PERF: add datetime caching kw in to_datetime · Issue #11665 · pandas-dev/pandas (original) (raw)

I'll propose a

cache_datetime=False keyword as an addition to read_csv and pd.to_datetime

this would use a lookup cache (a dict will probably work), to map datetime strings to Timestamp objects. For repeated dates this will lead to some dramatic speedups.

Care must be taken if a format kw is provided (in to_datetime as the cache will have to be exposed). This would be an optional (and default False) as I think if you have unique dates this could modestly slow down things (but can be revisted if needed).

This might need also want to accept a list of column names (like parse_dates) to enable per-column caching (e.g. you might want to apply to a column, but not the index of example).
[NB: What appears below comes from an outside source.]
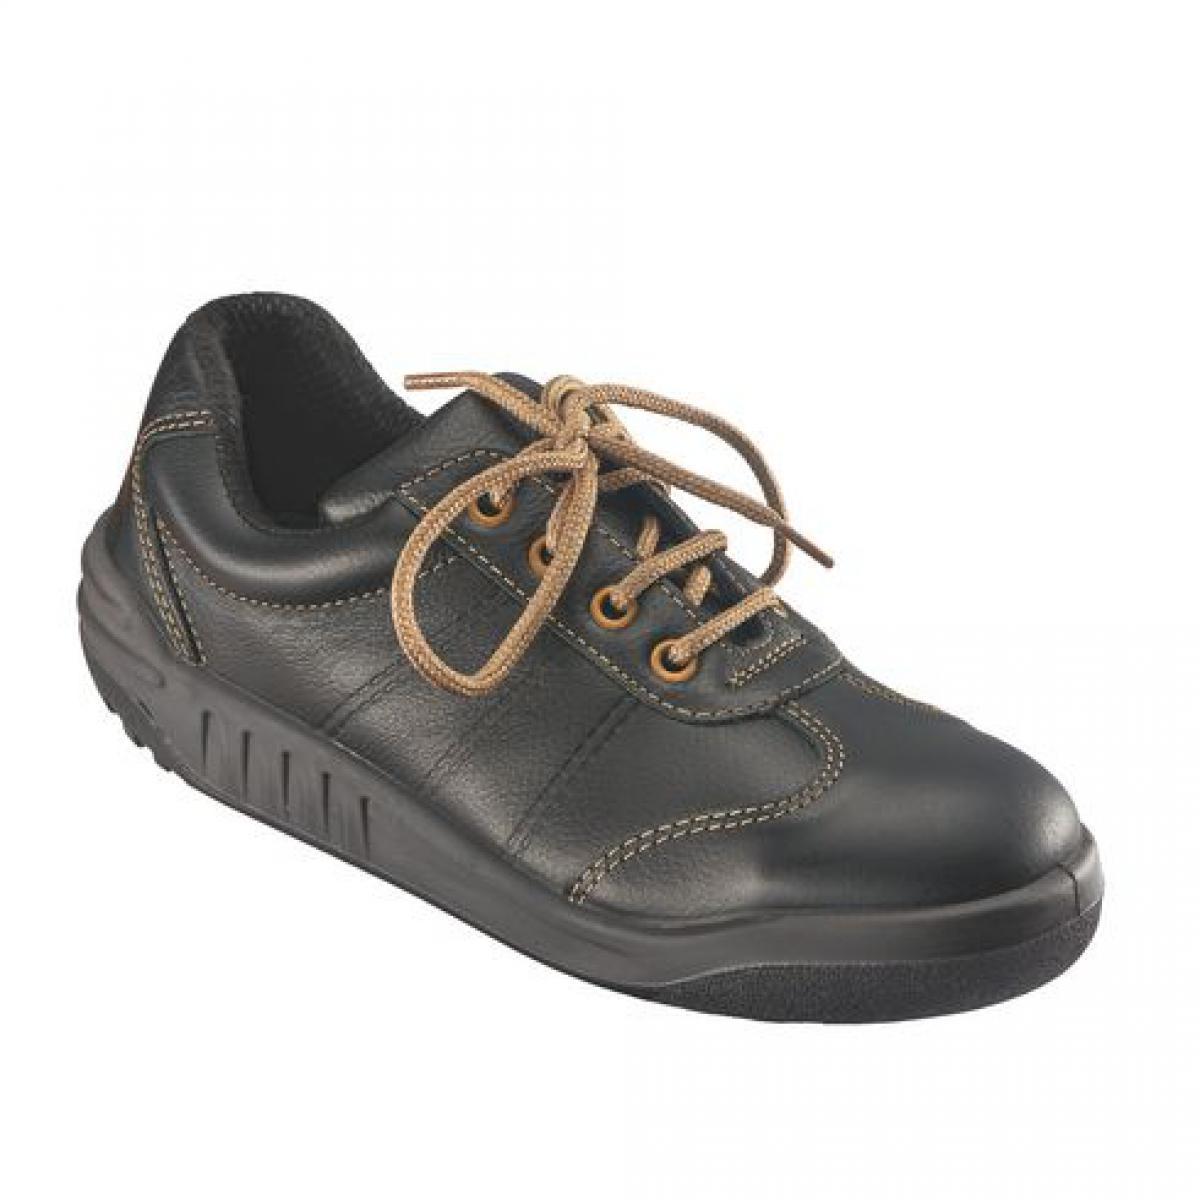 Parade Paire de chaussures basses femme Parade Josio - noir - Pointure 41
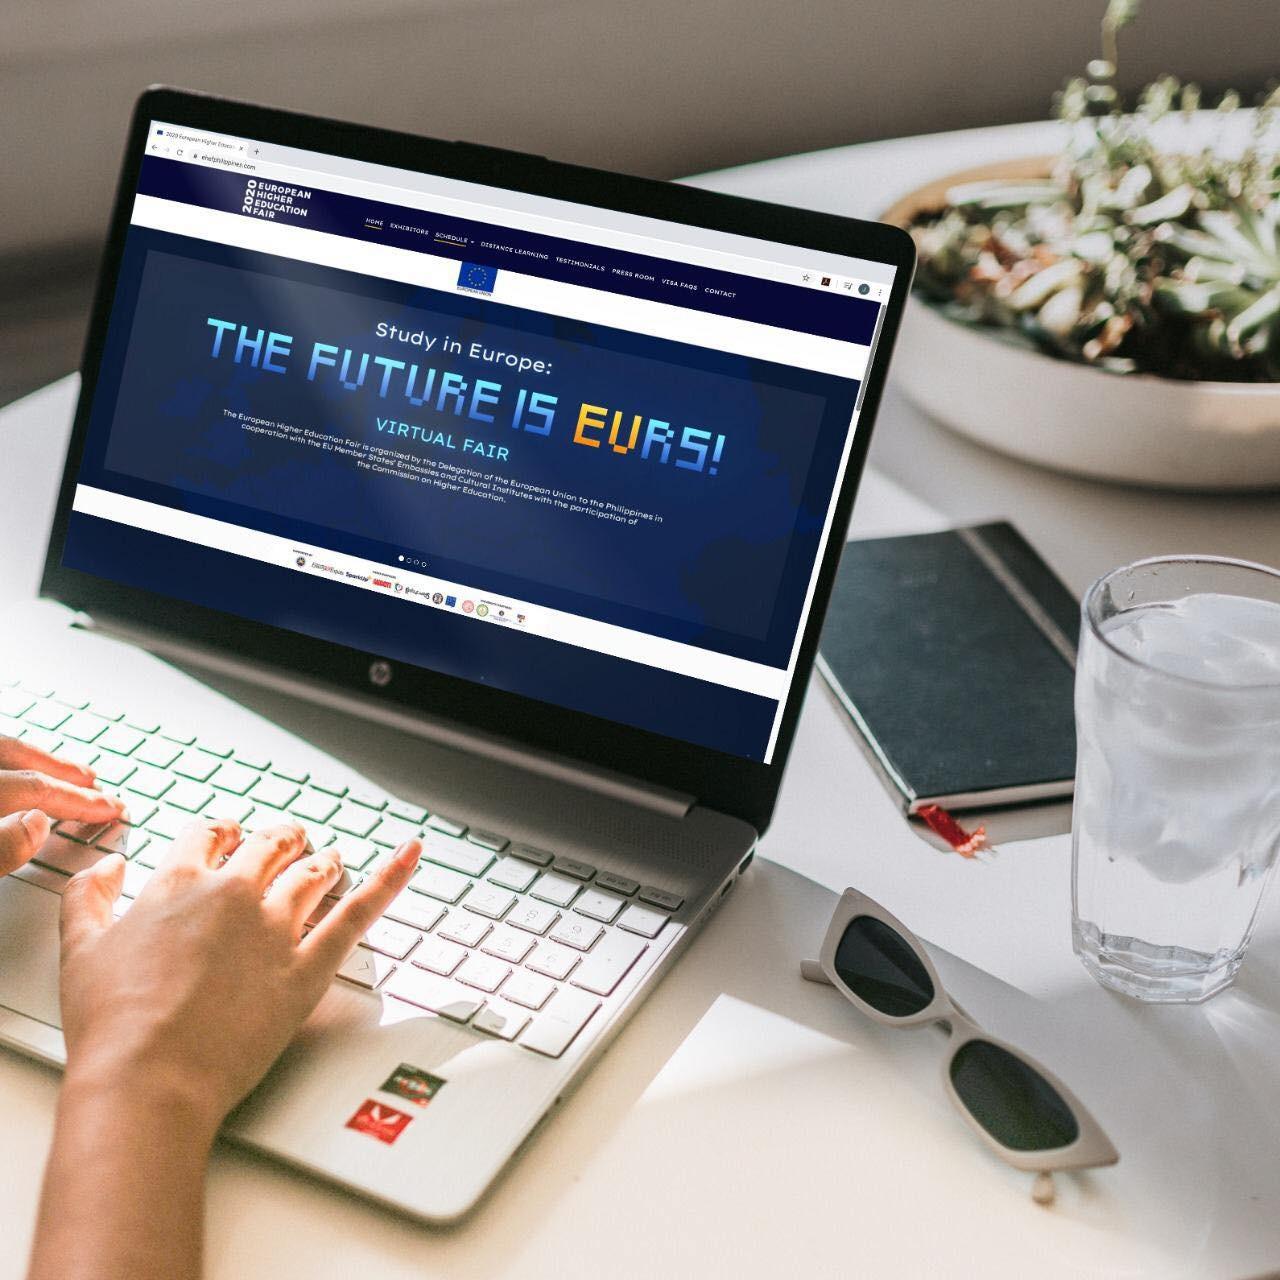 EDUNATION'S PARTICIPATION IN THE EUROPEAN HIGHER EDUCATION FAIR 2020

possibly we could overload parse_dates='cache' to mean this as well

trivial example

In [1]: pd.DataFrame({'A' : ['20130101 00:00:00']*10000}).to_csv('test.csv',index=True)

In [14]: def parser(x):
   ....:         uniques = pd.Series(pd.unique(x))
   ....:         d = pd.to_datetime(uniques)
   ....:         d.index = uniques
   ....:         return Series(x).map(d).values
   ....: 
In [3]: df1 = pd.read_csv('test.csv',index_col=0, parse_dates=['A'])

In [4]: df2 = pd.read_csv('test.csv',index_col=0, parse_dates=['A'], date_parser=parser)

In [17]: %timeit pd.read_csv('test.csv',index_col=0, parse_dates=['A'])
1 loops, best of 3: 969 ms per loop

In [18]: %timeit pd.read_csv('test.csv',index_col=0, parse_dates=['A'], date_parser=parser)
100 loops, best of 3: 5.31 ms per loop

In [7]: df1.equals(df2)
Out[7]: True